Pentecost + 4b 21 June 2015 Jesus is with us in the storms

Today we’re in a boat on lake Galilee.
We’ve set sail for the other side, and all looks fine. We’ve done this so often, it’s just routine; just like starting any new day at school or work. We set our course; we know what to expect; we’ll be fine.

But suddenly we’re not; suddenly everything’s different; everything is terrifying. A fearful storm has suddenly blown up, and we feel frightened and cut off. No-one can hear our cries for help; we’re far from safety. How can God let this happen to us? Is God asleep somewhere; does God care?

For each of us, the storm is different. Our storm may come as a sudden, frightening pain in the night; or the day our doctor tells us our life can’t be the way we planned it any more.

For lots of us, our storm comes suddenly when the job we thought we had is no more.

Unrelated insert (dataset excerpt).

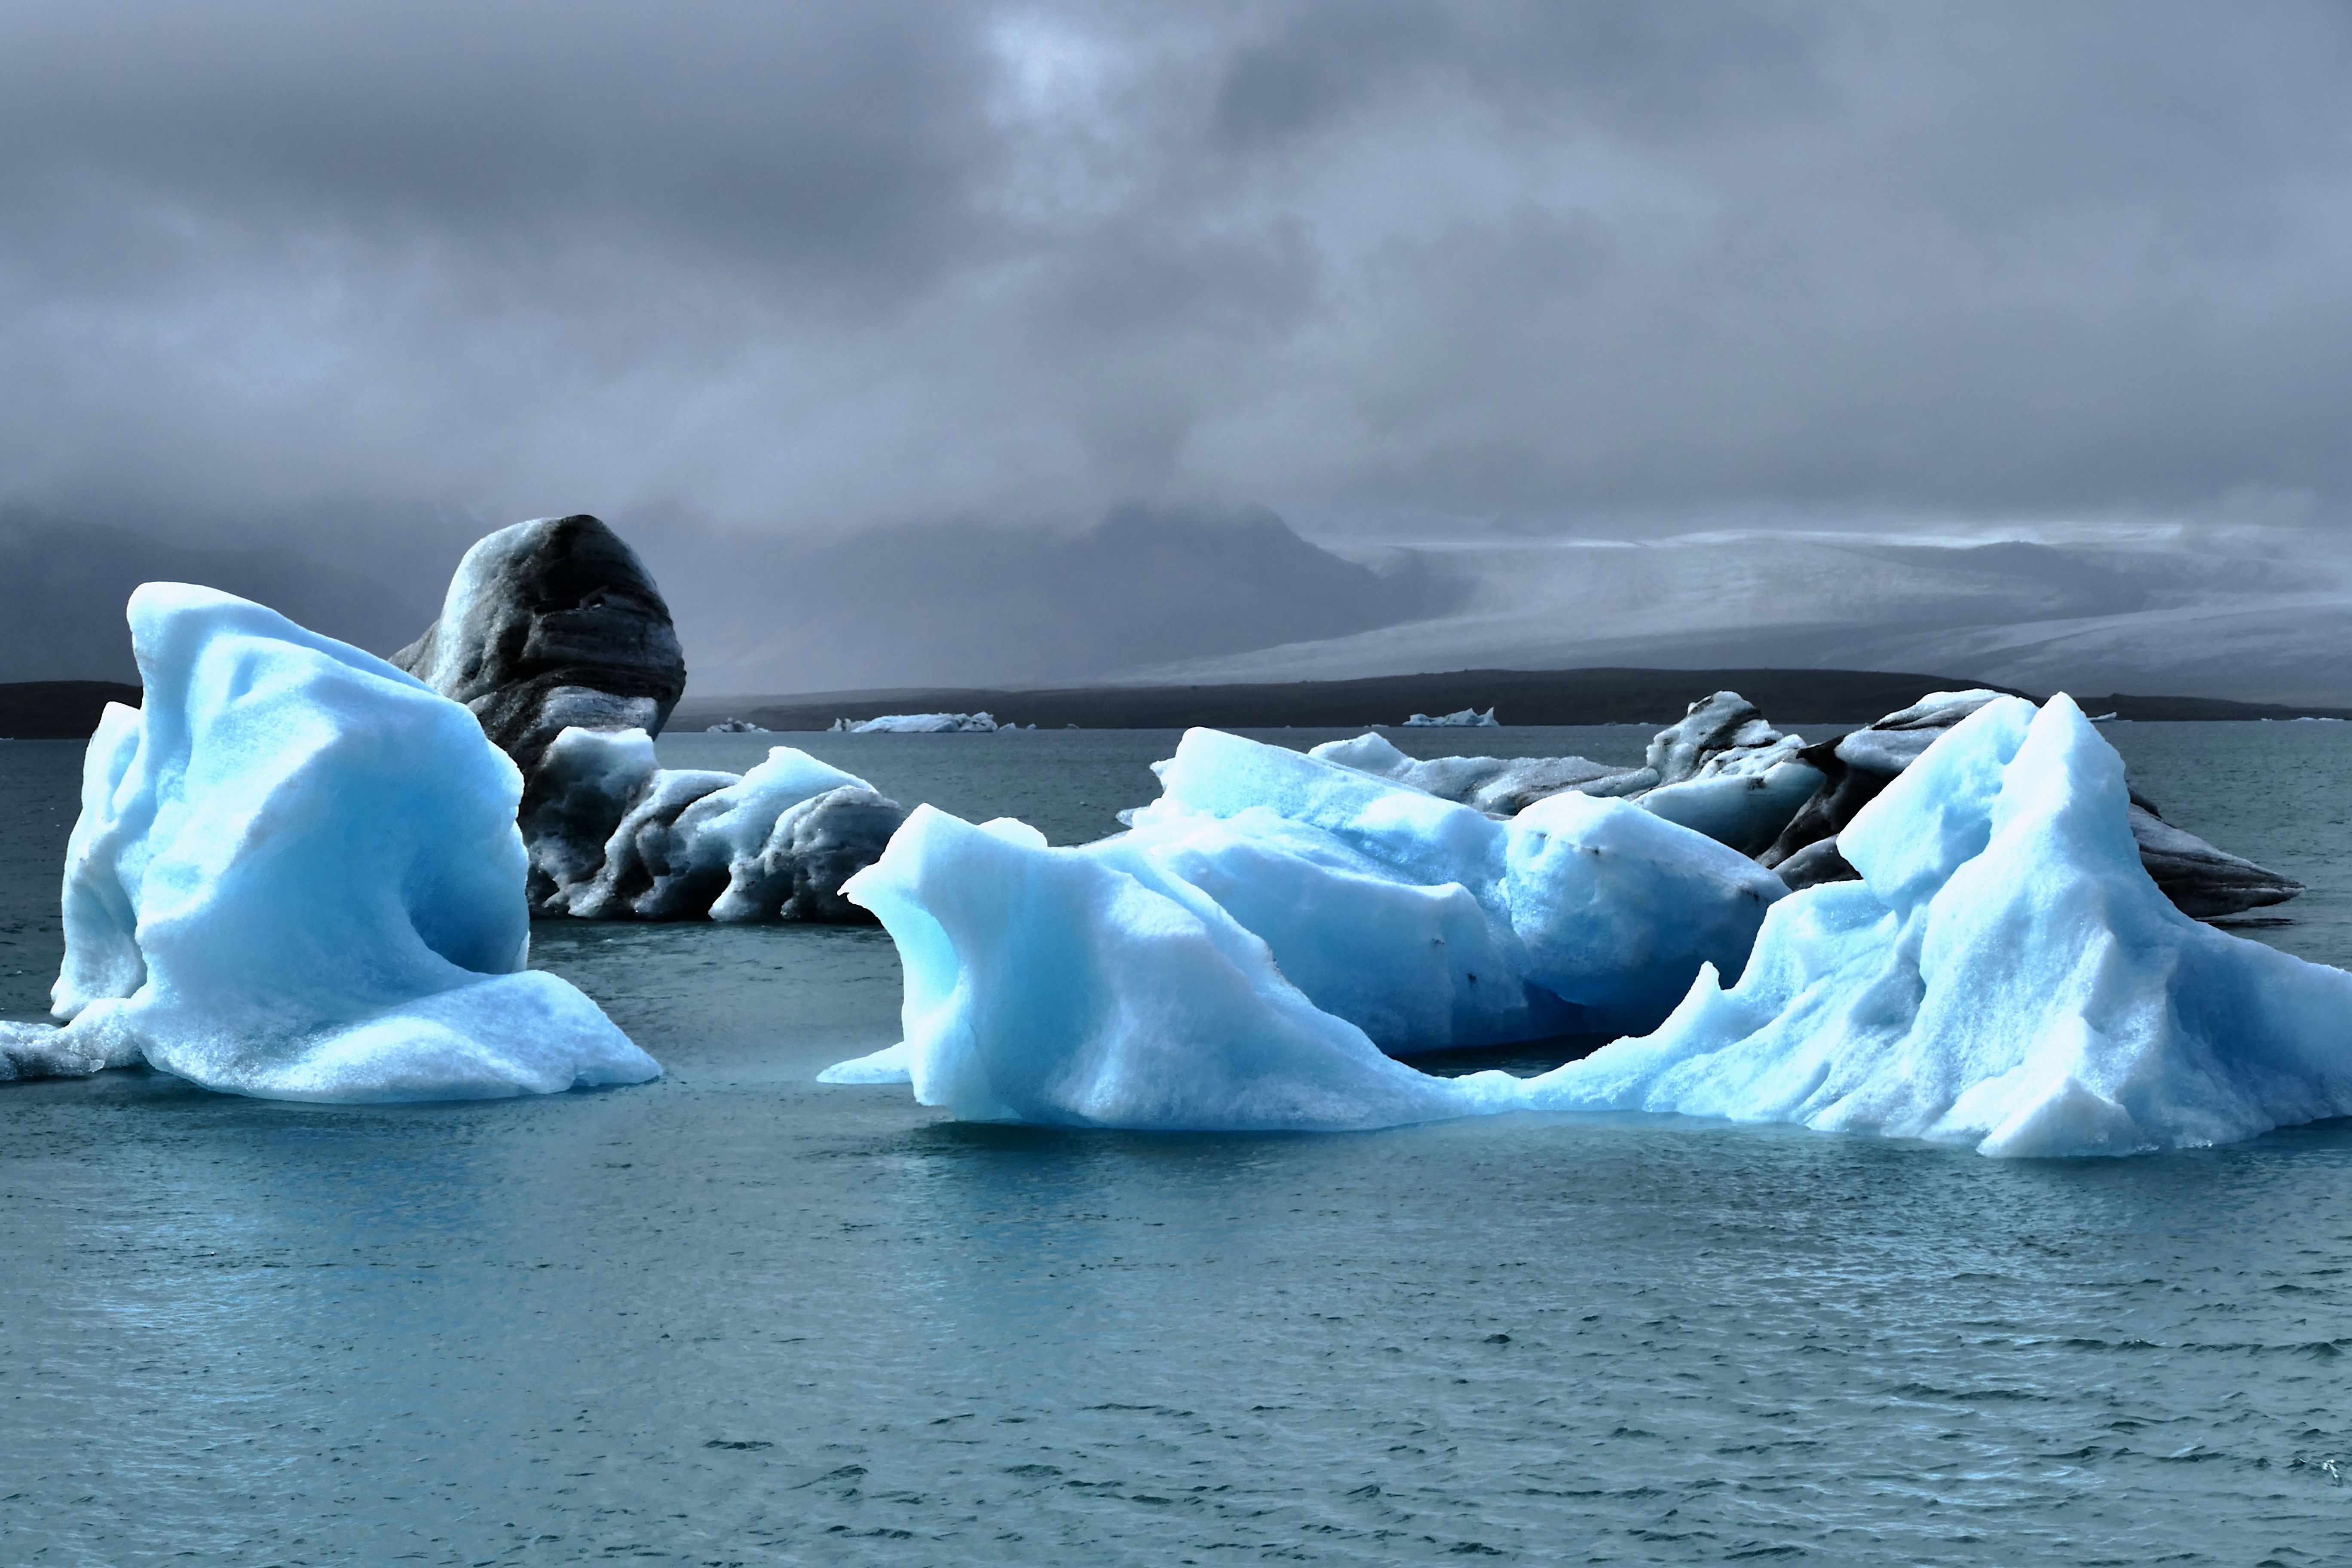 7e Premi   On és el Titanic  Llacuna glacial de Jokursarlon, Islandia  FOTO: Mar Alonso Beneito

For some children and adults, the storm strikes us when someone we thought cared for us—someone we thought would stick by us—suddenly doesn’t any more, they hurt us or go away. Or maybe someone we imagined was going to live all our life with us suddenly dies.

But why call these things storms? What’s this storm in the Gospel got to do with our lives?

Over the past weeks, we’ve used analogies to help us understand complex ideas more easily. We said the harmony we find in music is like the Trinity; we said that the Holy Spirit is the breath of God.

So this storm can be an analogy for the sorts of things can threaten my life or yours, just like this storm threatened Jesus and his friends. … When our storms strike us, we feel alone and vulnerable. We feel like God’s gone away, or gone to sleep. And we ask the question that Jesus’ disciples asked him as they woke him up. Don’t you care? We’re all going to die!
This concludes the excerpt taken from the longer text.